Well, you'd clone it, but yes, thats' what I meant.

> However, there'd
> be no very easy way to get a change history that includes patches that
> applied only to some back branches (something that does happen, a few
> times a year perhaps).  Maybe that special log tool Andrew was
> speculating about would take the form of a program to aggregate the
> change histories of several repositories.

You mean so that such patches in back branches show up in the the  
history of master?

Best,

David



Re: Managing multiple branches in git

From
Robert Haas
Date:
On Tue, Jun 2, 2009 at 5:28 PM, Ron Mayer <rm_pg@cheapcomplexdevices.com> wrote:
> Robert Haas wrote:
>> And, unfortunately, I'm not sure there's a good solution.  Tom could
>> create 1 local repository cloned from the origin and then N-1 copies
>> cloned with --local from that one, but this sort of defeats the
>> purpose of using git, because now if he commits a change to one of
>> them and then wants to apply that change to each back branch, he's got
>> to fetch that change on each one, cherry-pick it, make his changes,
>> commit, and then push it back to his main repository.  Some of this
>
> Why has he got to do this pushing back to his main?   How about
>
>  creating 1 local repository from Origin,
>  create N-1 cloned with --local from that one
>  for each of those "--local" ones, "git-remote add" the main origin
>
> From then ISTM his workflow is very similar to the way he does with CVS,
> pulling and pushing from those multiple repositories to the central
> origin.  He can creating the patches/diffs to apply to each the same
> way he does today.
>
> ISTM he'd mostly be unaware that these repositories were ever connected
> in some way unless he inspected that some of the files in .git had the
> same inodes because they came from hard links.

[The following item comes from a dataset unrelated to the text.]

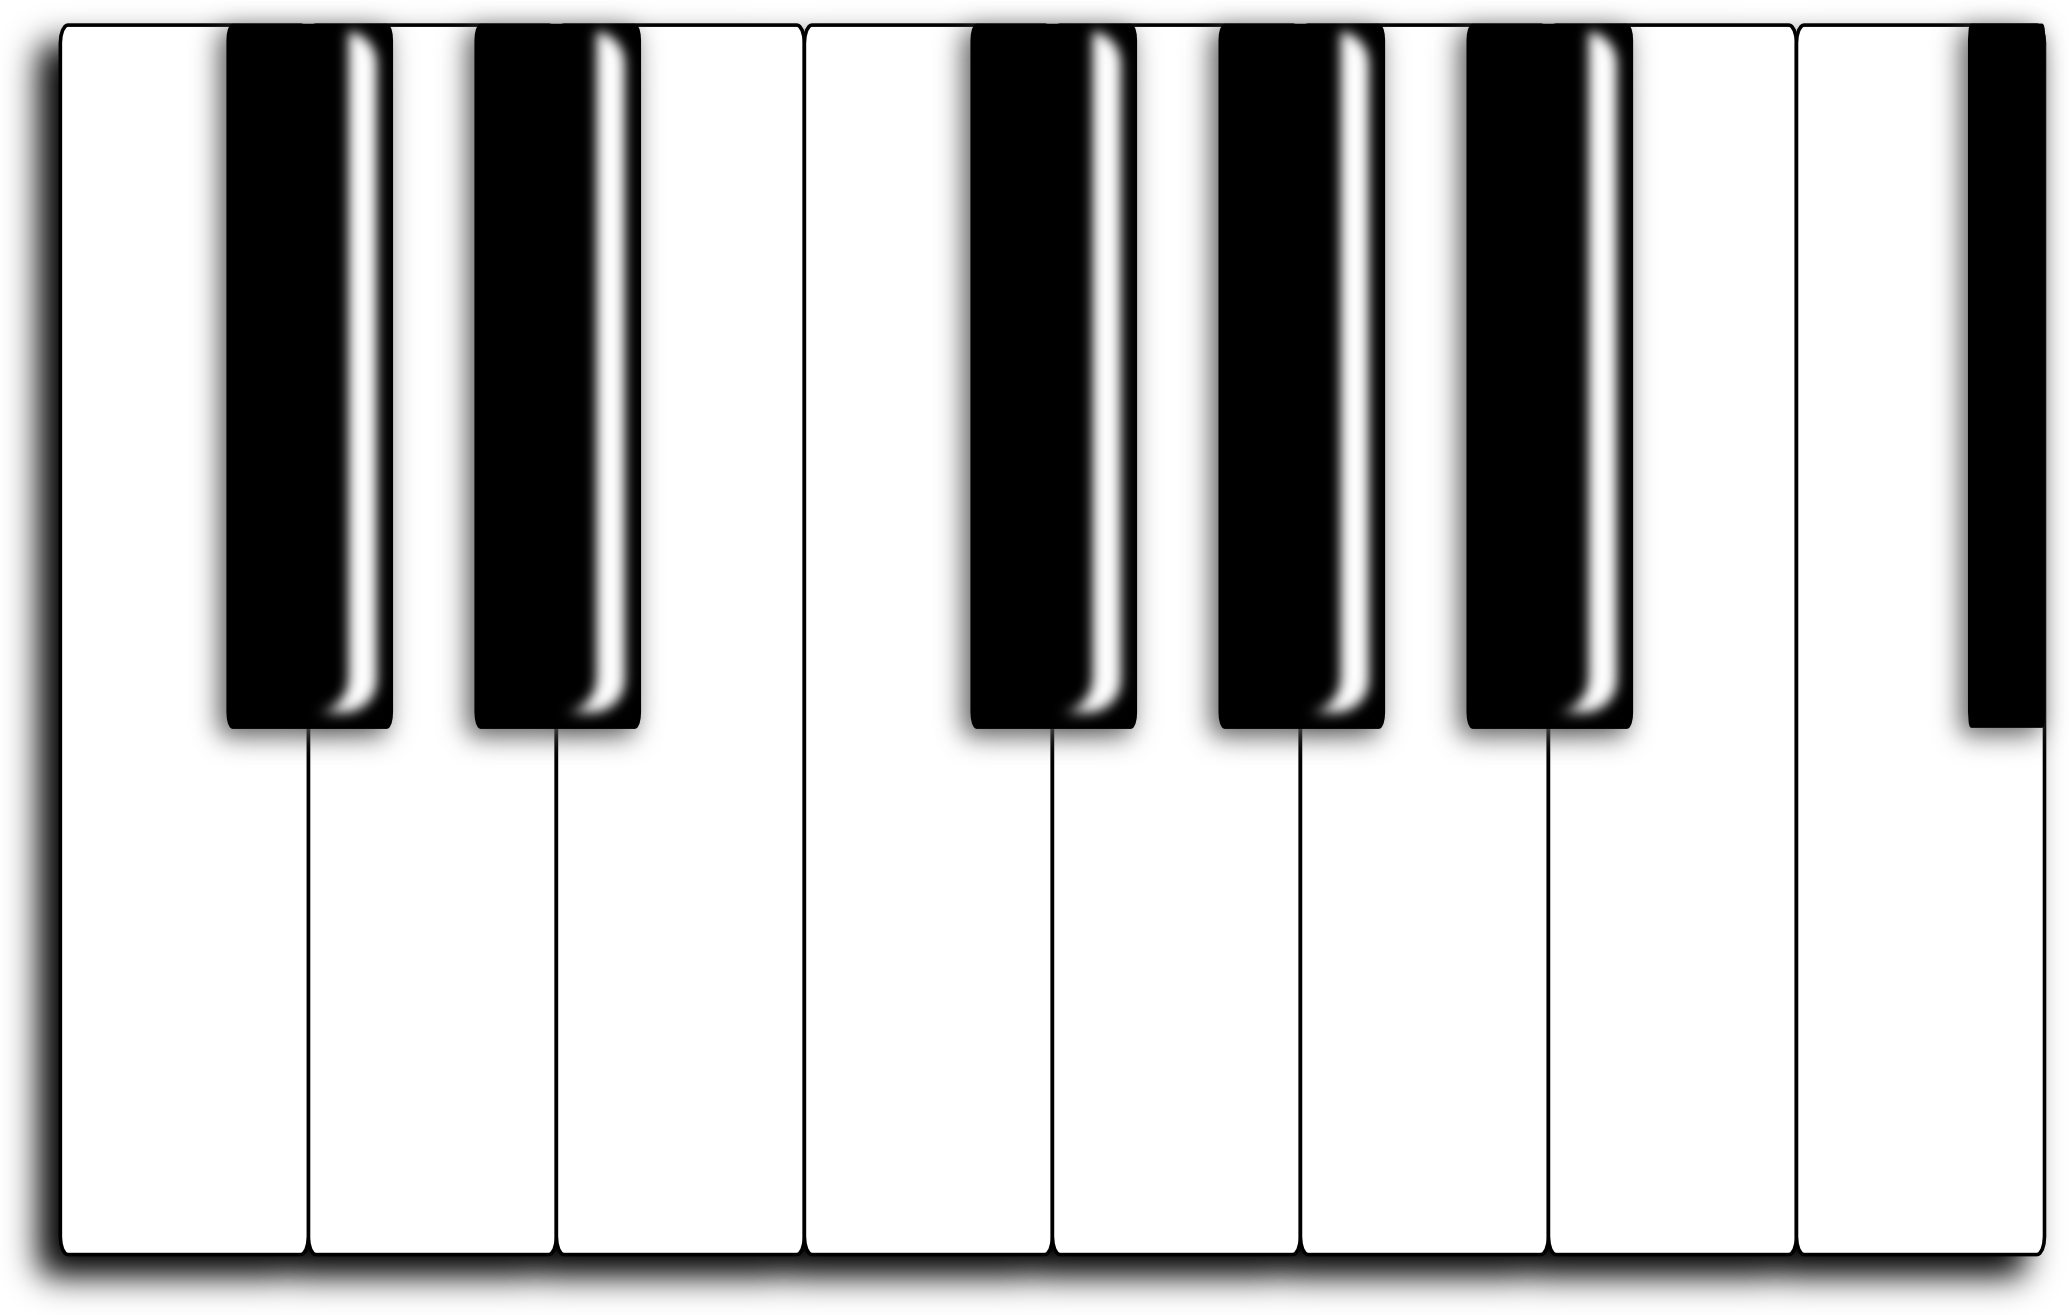 Wavy Piano Keys Clipart | Clipart Panda - Free Clipart Images

Well, that might work, depending on his workflow.  Maybe I'm making
some assumptions here that aren't justified.  Let's assume contrary to
fact that I am a committer and the master VCS for this project is git.I need to fix something in the master branch and
backportit to 
REL8_3_STABLE and REL8_2_STABLE.  I would probably do it like this:

git pull
git checkout master
<do my thing>
git commit -a
git checkout REL8_3_STABLE
git cherry-pick -nx master
<adjust patch>
git commit -a
git checkout REL8_2_STABLE
git cherry-pick -nx REL8_3_STABLE
<further adjust patch>
git commit -a
git push

Since I push all of my commits together, it's almost as if it's a
single commit - it is at any rate no worse than CVS, which is
non-atomic by nature.  If I have multiple local git trees, I start
like this:

cd $HOME/pgsql/master
git pull
<do my thing>
git commit -a

...and now what?  If there's any point to git, it's surely that it's
easy to move commits around, so I'd like to type a command here to
attempt to apply that commit to $HOME/pgsql/REL8_3_STABLE.  Assuming
that tree is cloned from the other local tree, I think I need to do
this:

cd $HOME/pgsql/REL8_3_STABLE
git pull
git cherry-pick -nx master
<adjust patch>
git commit -a
git push

cd $HOME/pgsql/REL8_2_STABLE
git pull
git cherry-pick -nx REL8_3_STABLE
<adjust patch further>
git commit -a
git push

cd $HOME/pgsql/master
git push   # all branches upstream for real

Now, maybe if Tom is happy to move around his patches the way he does
now, it doesn't matter: he can just have three clones from upstream
and move the patch around using diff and patch or whatever; then have
a shell script call push-em-all to do just that.  I would not want to
do that, because the ability to move patches around easily between
branches is for me one of the biggest advantages of using git in the
first place, and having multiple local repositories dilutes that.  But
what I want doesn't matter unless it happens to be the same thing Tom
wants.

...Robert


Re: Managing multiple branches in git

From
Greg Stark
Date:
I think it all makes a lot more sense if you think of your local git  
clone as just a cache. The real repo is still separate in a real repo  
on a server.

In that mental model the equivalent of CVS "commit" is actually git  
push not git commit. And the equivalent of CVS update is actually git  
pull.

git commit is actually just adding another commit to your local cache  
that you can push to the real repo at your leisure.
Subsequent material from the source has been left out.